大事な報告をSlackに投稿しようとしているのに、メッセージの横にぐるぐるしたアイコンが出たまま送信に失敗し続けて焦ったことはありませんか。
しかも何度も「再試行」を押しているうちに同じメッセージが並びそうで、送るのもやめるのも怖くなる、そんな状況になりがちです。
この状態はアプリの一時的な不調だけでなく、ネットワークや設定など複数の要因が重なって起きていることが多いです。
送信失敗と再試行ループは、原因さえ切り分けられれば落ち着いて対処できます。
まず「何を確認し」「どの順番で試すか」の地図を押さえておきましょう。
・Slackで送信失敗や再試行ループが起きる代表的な症状
・送信失敗の原因を切り分けるための判断基準と確認ポイント
・最短で送信失敗から抜け出すための具体的な対処手順
・同じトラブルを繰り返さないための設定とチームでの予防策
Slackで送信失敗と再試行ループが起きる仕組み
Slackで送信失敗が続くとき、画面に何が起きているのかを知っておくと落ち着いて対処しやすくなります。
まずは代表的な症状と、裏側でどんな動きが起きているのかを整理します。
Slackでよく見られる送信失敗の症状
Slackで送信失敗が続くとき、現場でよく見られる症状には次のようなものがあります。

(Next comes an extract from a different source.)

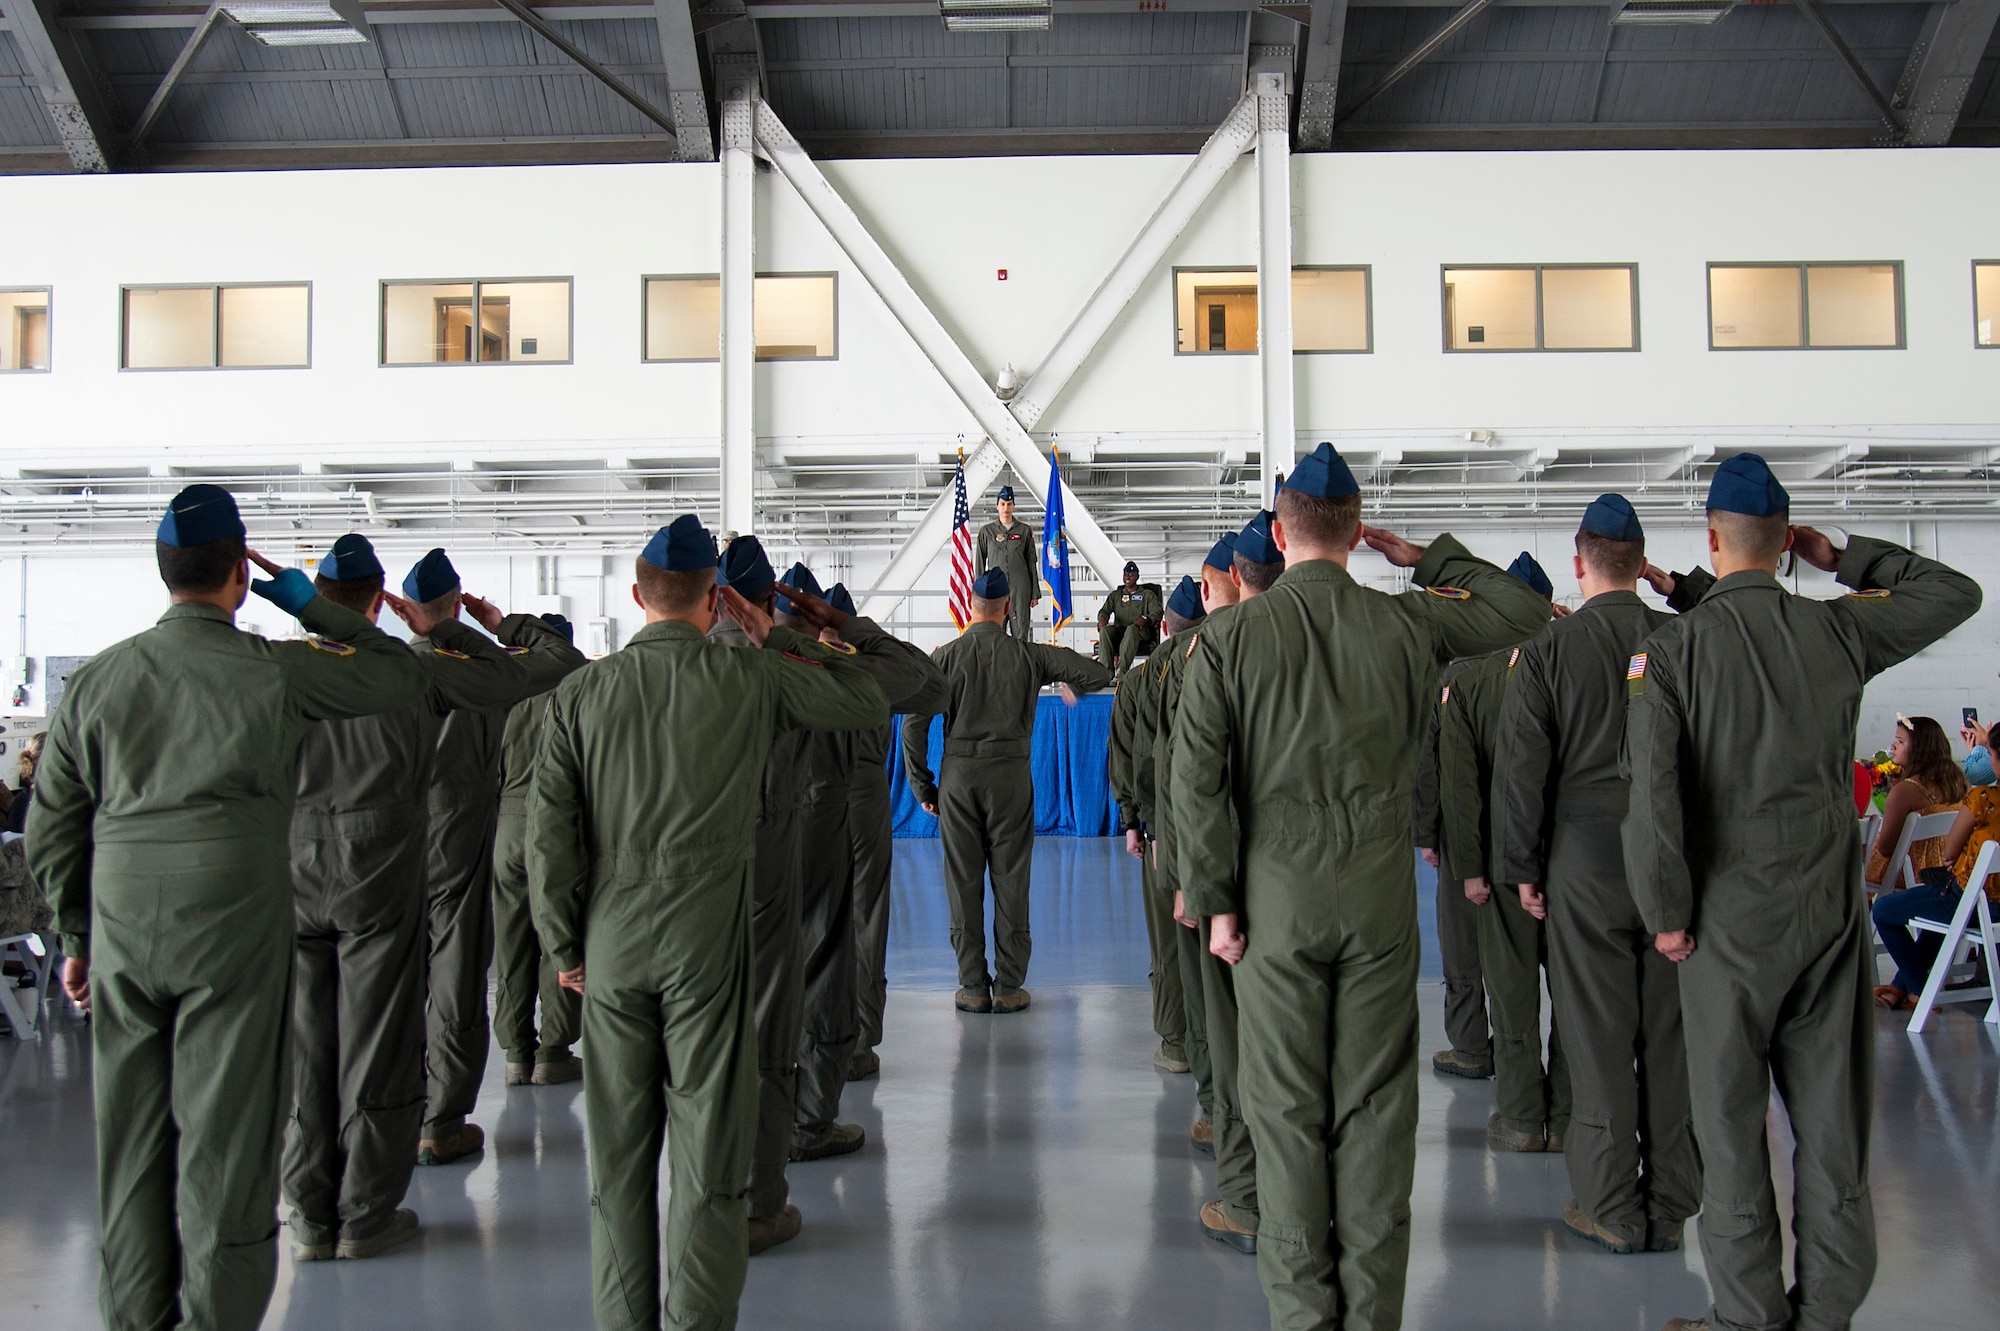 Members of the 50th Air Refueling Squadron (ARS) render their first salute to U.S. Air Force Lt. Col. Menola Guthrie, the 50th ARS commander, during a change of command ceremony, Aug. 2, 2019, at MacDill Air Force Base, Fla.  Prior to assuming command of the 50th ARS, Guthrie served as the 6th Air Mobility Wing Inspector General. (U.S. Air Force photo by Airman 1st Class Shannon Bowman)

・メッセージの左に「送信中」を示すアイコンが出たまま変わらない
・メッセージの横に小さな警告アイコンや「再試行」リンクが表示される
・チャンネル上部に「接続できません」などのバナーが表示される
・PCでは失敗するのに、スマホアプリから送ると通る
・自分だけ失敗していて、他のメンバーは普通に送れている
特にテレワーク環境では、Wi-Fiが不安定なときにこの症状がまとまって発生するケースが多いです。

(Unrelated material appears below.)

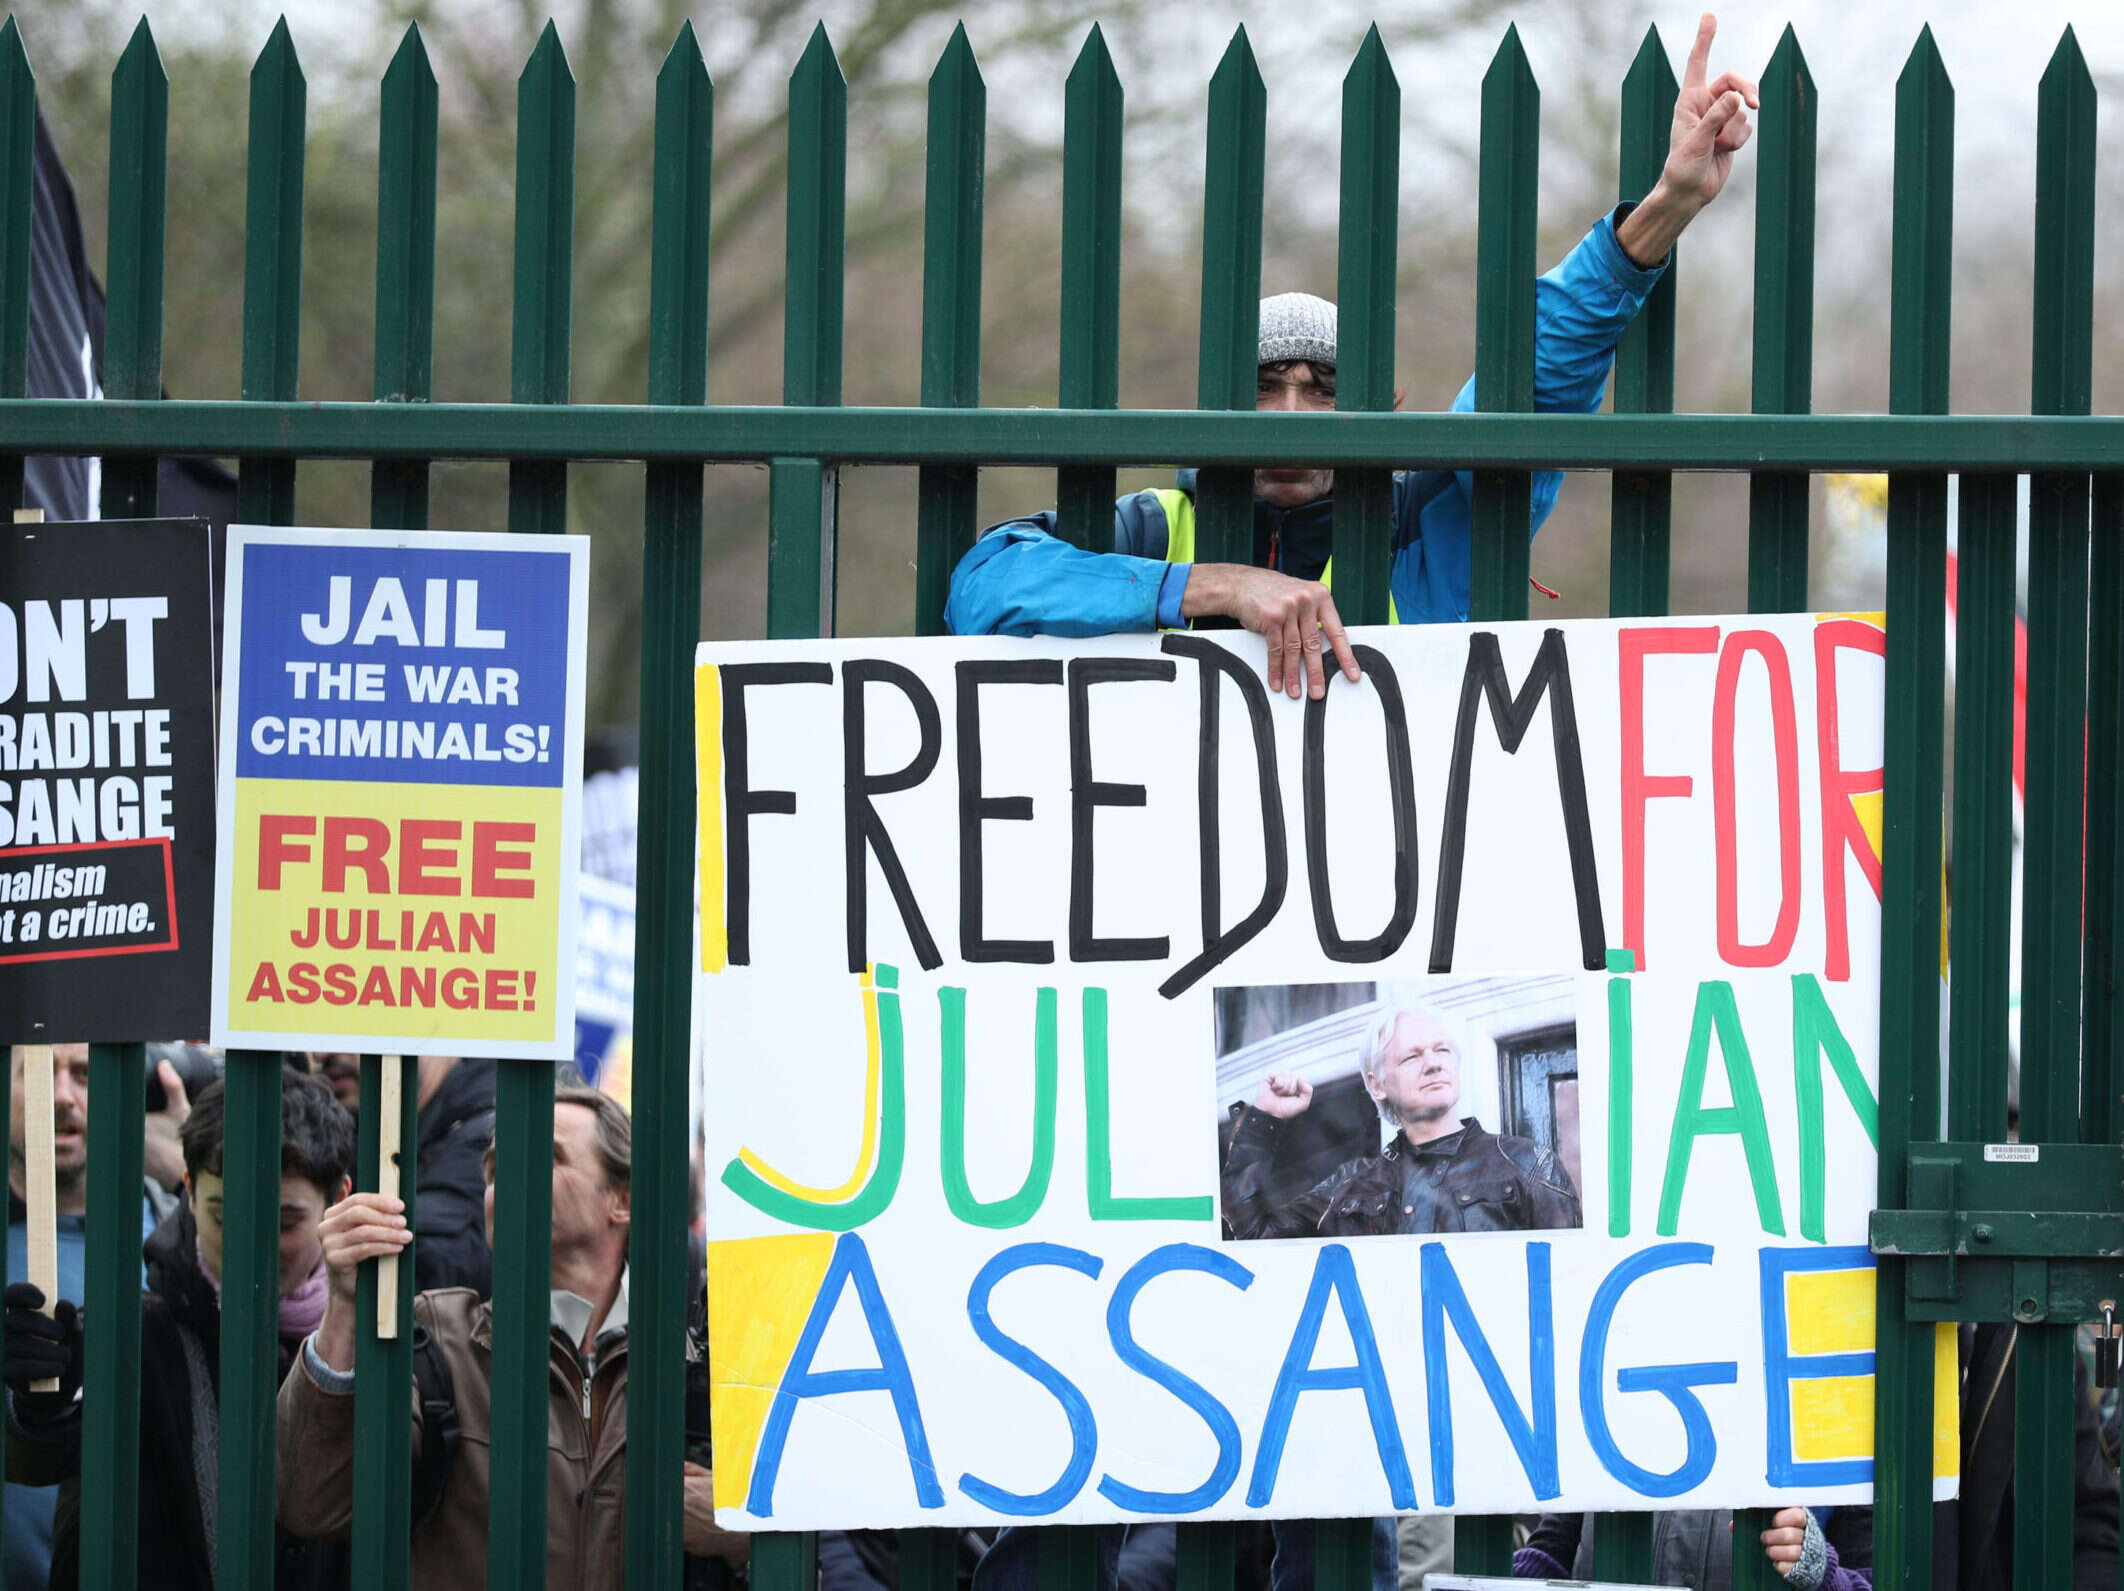 Julian Assange extradition: Guardian to blame for publication of unredacted cables, court told

一見すると「Slackがおかしい」と感じますが、実際には端末側とネットワーク側のどちらに問題があるかを切り分ける必要があります。
再試行ループとはどんな状態なのか
再試行ループとは、簡単に言うと「Slackクライアントがサーバーへの送信を何度もやり直している状態」です。
ネットワークが一時的に切れたり遅くなったりすると、サーバーに届かないまま再送が続き、ユーザーからは止まらないように見えます。
このとき、裏側では次のようなことが起きていると考えられます。
・端末からSlackサーバーへの通信が途中で途切れている
・会社のファイアウォールやプロキシが通信をブロックしている
・VPNの切り替えなどで経路が頻繁に変わっている
・Slack側で一時的な障害が発生している
現場では、Wi-Fiとモバイル回線を頻繁に行き来するノートPCやスマホで、この再試行ループが長引くケースがよく見られます。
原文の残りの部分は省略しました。